▶ Task description:
For each line below that holds "Workout", return the line as it stands.

▶ Records contained in a dataset:

►

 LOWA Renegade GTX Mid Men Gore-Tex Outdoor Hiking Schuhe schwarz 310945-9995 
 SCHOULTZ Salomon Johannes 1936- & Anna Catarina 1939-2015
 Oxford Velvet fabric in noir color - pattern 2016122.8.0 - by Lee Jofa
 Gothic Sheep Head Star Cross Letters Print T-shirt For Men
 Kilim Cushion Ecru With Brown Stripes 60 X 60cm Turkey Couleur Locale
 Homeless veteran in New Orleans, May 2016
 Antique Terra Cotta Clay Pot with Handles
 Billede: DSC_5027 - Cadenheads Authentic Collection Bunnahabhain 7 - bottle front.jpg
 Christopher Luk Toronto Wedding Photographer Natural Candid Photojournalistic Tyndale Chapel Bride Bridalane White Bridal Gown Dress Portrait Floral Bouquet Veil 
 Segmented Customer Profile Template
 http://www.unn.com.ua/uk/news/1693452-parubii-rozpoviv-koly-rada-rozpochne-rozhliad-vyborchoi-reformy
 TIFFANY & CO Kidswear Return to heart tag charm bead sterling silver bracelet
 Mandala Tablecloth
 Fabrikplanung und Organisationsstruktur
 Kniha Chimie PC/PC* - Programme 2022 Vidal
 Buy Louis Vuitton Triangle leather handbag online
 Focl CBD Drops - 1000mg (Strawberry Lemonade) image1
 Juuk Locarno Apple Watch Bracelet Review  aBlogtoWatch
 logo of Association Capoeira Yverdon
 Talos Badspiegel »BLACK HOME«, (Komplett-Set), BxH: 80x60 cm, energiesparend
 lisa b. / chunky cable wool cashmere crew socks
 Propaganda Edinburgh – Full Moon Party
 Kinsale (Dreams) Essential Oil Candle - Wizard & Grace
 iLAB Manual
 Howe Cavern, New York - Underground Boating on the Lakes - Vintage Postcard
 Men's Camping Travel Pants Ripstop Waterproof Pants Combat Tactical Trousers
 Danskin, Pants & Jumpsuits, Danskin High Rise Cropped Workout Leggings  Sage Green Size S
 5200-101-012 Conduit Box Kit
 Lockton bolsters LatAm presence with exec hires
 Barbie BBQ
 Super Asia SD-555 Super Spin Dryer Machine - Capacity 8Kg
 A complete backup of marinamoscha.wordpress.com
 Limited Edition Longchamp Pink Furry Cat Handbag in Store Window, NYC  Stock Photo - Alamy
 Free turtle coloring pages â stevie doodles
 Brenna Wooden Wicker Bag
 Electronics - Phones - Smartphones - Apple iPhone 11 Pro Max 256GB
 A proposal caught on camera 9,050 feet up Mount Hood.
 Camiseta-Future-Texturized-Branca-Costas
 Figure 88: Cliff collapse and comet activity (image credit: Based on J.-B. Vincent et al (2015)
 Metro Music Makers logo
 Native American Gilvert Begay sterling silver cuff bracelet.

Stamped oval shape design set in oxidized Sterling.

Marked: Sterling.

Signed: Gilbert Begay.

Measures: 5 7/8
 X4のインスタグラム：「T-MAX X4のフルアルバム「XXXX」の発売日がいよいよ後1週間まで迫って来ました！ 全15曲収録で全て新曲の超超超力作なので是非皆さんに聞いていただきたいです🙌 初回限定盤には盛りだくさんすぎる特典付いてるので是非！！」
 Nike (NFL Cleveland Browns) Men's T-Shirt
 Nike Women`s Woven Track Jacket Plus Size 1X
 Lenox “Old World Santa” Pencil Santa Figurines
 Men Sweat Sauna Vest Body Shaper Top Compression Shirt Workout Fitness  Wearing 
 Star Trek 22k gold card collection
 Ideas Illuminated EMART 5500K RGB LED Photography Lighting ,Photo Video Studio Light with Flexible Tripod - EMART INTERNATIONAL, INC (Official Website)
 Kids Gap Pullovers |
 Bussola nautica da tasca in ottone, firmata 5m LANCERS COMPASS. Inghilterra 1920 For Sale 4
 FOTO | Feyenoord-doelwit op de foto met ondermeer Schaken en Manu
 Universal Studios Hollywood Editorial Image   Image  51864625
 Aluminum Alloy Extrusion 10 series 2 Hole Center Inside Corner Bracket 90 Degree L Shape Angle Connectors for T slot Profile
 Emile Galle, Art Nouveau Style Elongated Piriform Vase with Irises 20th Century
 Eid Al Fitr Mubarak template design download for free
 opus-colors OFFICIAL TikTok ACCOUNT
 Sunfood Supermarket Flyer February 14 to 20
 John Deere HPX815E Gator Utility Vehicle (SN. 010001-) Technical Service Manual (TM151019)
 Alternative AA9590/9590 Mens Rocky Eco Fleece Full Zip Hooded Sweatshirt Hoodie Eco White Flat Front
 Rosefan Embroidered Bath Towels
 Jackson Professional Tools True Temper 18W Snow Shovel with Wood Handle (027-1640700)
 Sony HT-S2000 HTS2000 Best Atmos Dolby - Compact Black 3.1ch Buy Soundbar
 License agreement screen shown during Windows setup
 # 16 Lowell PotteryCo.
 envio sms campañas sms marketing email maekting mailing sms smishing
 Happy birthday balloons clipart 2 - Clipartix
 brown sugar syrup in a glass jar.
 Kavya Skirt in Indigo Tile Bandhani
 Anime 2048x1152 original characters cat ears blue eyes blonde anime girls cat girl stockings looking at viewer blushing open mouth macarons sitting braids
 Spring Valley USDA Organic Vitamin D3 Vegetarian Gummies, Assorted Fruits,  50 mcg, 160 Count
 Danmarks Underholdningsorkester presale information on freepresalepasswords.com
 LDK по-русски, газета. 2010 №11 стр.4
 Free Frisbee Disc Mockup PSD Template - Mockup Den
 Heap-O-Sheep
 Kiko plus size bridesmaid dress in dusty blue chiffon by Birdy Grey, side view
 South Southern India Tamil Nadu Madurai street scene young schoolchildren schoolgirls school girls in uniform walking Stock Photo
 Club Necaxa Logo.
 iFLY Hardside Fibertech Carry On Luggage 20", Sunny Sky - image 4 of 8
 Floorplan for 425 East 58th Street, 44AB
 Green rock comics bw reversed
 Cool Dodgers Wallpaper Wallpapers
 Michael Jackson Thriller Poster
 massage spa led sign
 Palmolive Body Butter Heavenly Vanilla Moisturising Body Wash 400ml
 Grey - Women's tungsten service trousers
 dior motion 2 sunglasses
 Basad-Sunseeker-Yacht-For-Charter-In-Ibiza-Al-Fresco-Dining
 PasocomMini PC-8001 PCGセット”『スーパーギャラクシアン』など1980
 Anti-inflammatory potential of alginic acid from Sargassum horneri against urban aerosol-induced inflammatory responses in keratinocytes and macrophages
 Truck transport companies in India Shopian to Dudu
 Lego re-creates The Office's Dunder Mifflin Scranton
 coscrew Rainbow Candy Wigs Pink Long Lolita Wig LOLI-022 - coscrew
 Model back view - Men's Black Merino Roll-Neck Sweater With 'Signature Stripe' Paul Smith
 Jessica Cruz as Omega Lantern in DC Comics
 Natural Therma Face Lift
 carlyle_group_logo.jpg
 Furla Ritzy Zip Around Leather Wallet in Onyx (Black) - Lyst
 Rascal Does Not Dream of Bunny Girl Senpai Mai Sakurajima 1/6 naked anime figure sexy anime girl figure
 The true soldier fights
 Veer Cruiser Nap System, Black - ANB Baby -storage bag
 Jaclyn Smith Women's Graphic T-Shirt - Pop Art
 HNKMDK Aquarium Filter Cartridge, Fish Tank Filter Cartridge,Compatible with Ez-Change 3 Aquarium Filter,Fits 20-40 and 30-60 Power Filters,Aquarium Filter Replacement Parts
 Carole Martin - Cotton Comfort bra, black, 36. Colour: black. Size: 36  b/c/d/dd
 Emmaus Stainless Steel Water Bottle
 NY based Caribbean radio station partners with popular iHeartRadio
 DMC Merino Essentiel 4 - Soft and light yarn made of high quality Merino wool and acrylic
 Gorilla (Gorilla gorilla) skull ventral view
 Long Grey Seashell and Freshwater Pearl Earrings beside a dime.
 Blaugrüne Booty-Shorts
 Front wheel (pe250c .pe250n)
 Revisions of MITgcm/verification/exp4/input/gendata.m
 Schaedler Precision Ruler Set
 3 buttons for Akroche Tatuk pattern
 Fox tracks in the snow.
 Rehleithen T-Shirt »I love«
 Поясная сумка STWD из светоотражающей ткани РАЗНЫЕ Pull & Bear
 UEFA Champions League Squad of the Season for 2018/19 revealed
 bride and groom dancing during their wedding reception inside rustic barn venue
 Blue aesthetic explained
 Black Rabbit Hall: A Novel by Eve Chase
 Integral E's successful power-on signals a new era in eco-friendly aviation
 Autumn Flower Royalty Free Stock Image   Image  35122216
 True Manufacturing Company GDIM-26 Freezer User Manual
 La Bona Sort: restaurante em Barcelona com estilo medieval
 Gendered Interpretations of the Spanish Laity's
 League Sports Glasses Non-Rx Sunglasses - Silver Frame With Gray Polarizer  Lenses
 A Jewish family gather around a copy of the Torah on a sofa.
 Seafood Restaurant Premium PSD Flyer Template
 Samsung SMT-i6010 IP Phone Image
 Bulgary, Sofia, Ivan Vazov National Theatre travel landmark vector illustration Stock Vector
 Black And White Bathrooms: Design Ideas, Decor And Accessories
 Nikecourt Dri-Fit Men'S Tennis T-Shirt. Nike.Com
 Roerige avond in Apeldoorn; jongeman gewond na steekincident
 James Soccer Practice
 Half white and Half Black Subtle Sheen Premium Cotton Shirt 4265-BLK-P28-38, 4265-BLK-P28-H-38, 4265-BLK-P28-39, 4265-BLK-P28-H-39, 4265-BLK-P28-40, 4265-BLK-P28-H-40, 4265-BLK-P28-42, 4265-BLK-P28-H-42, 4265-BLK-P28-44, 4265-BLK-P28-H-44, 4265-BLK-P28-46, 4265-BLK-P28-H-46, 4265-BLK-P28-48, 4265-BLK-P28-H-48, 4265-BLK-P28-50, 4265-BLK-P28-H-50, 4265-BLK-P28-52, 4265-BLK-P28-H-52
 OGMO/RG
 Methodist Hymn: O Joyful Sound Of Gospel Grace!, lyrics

◄

▶ Exercise solution:
 Danskin, Pants & Jumpsuits, Danskin High Rise Cropped Workout Leggings  Sage Green Size S
 Men Sweat Sauna Vest Body Shaper Top Compression Shirt Workout Fitness  Wearing 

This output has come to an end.